And like a man with his one week chip from anger management I am quivering with repressed fury.
I was informed by my biggest reader that Monday's entry was phoning it in and I can't disagree so I'm trying to bring it today.
Can you believe that was a fucking serious attempt at an analogy?
Our romance is like a recovering agoraphobe because it's one step at a time and breathing slowly HUE HUE HUE HUE
I mean fuck off, Jesus.
who was i? hard question, i must have been some smug douche: the high school had uniforms, it was catholic, i wore a sweatshirt every day. i had a pea coat and a flat cap and thick black glasses, i had bushy black hair and no facial hair. i was male, but ashamedly so, and i thought i knew everything (i was mistaken; now i know everything).
Oh good.
Glad to see lessons were learned about being a smug douche.
and her? she had hair down to her ass and she was two inches taller than me. we were scared of intimacy but looking for partners. she liked Monty Python so I bought the complete collection to fake interest. we went to libraries and watched movies together and slowly grew closer together; her mother's couch cushions felt like opposite shores at first but easily turned into street block demarcations and then individual sidewalk pieces. it was easier to meet; and we were stuck.
but so much happened. university, and I had to gender transition, and her mental illnesses were coming to a head. we needed each other but it was destroying our self-care.
she dumped me last month and we fucked in her back seat a week later
This is a great story.
and we're meeting again tomorrow, after a week of her telling me to never talk to her again
christ, anonymous, I love her but I don't know where my head is.
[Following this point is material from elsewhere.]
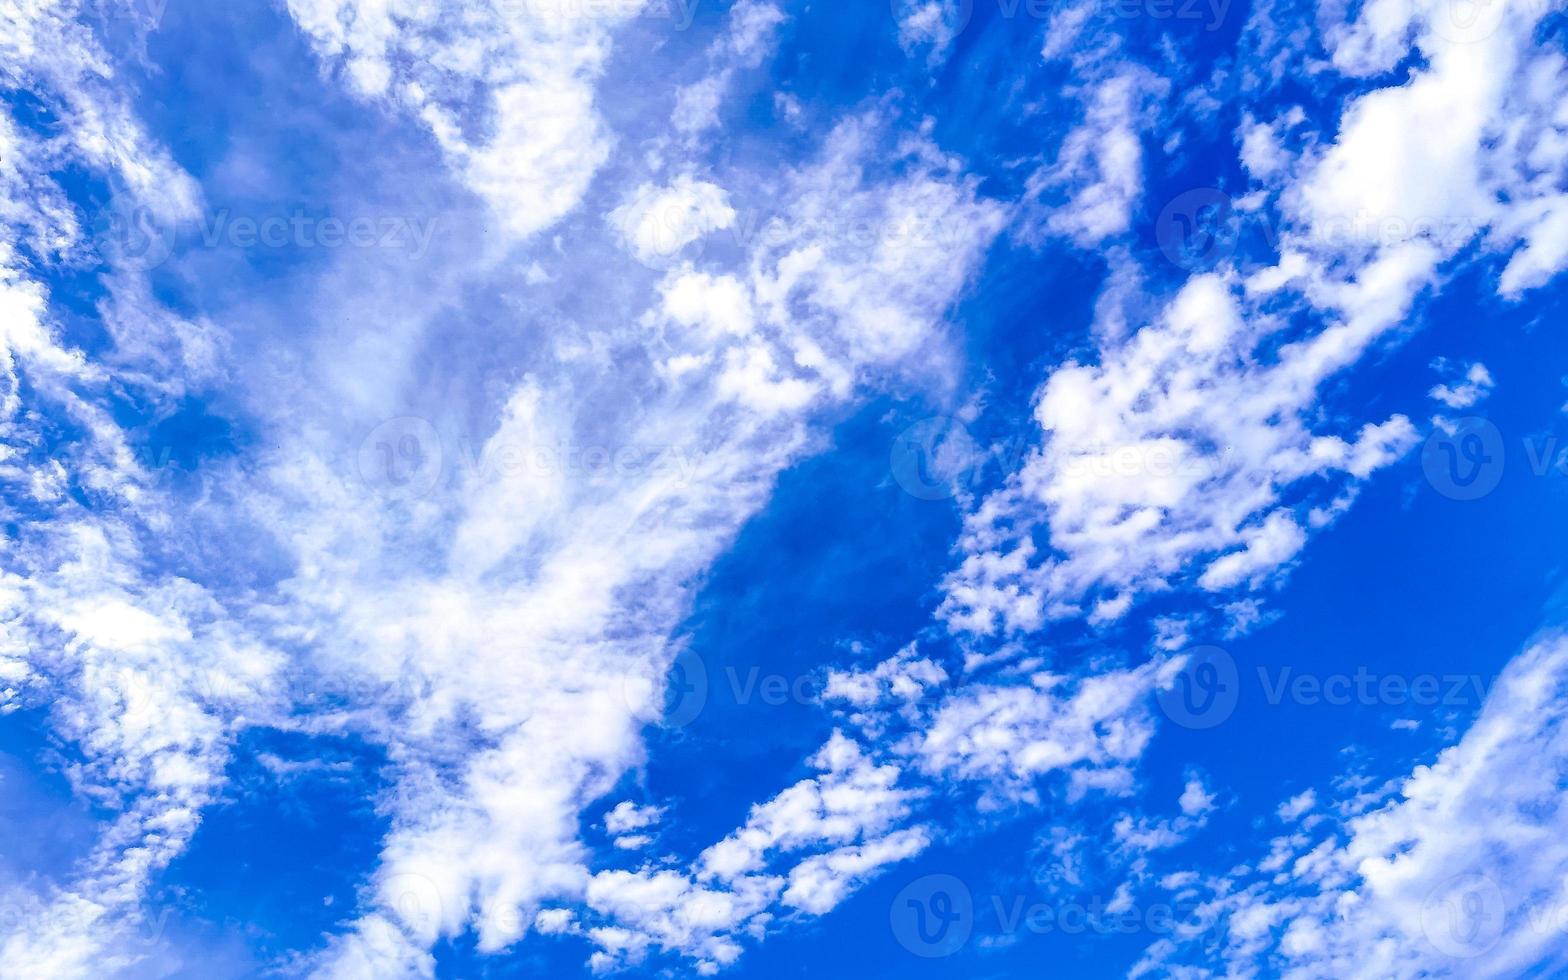 cielo azul con hermosas nubes en un día soleado en México. foto

I envision us as this super cool duo of hot ladies, sipping coffees and reading cool books and dismantling the patriarchy okay I realise that phrase has become diluted and cheapened by casual use. 
Jesus Christ can you believe that was a sentence someone typed?
Like in all your years
of living on this earth
as a person
did you ever think you'd read something that pretentious?
but in this fantasy are we lovers or friends? or lovers and friends. or lovers but friends.
I don't know where the lines are or what they mean, I just want to keep her safe from harm and fuck her brains out. I just want to laugh with her and make out on the couch.
I want us to be the beautiful art that creates other beautiful artworks
one big tribute to some creator; but let's face it, I made myself — body and identity — myself. 
I WANT TO BE BEAUTIFUL ART
come on, me. If this wacko can get a girlfriend surely I can manage somehow.
and what am i doing here, you ask. you are me, but you are also a potential reader, god save your soul. i am yet another pseudo-intellectual twentysomething transgender woman on livejournal; i am the antidote. 
Antidote?
To fucking what?
You know any antidote taken in excess becomes poison.
I kind of feel like that's where we are now with this kinda blog.
There's so much of it surely the wound has become septic and it's time to just cut blogging from the internet entirely.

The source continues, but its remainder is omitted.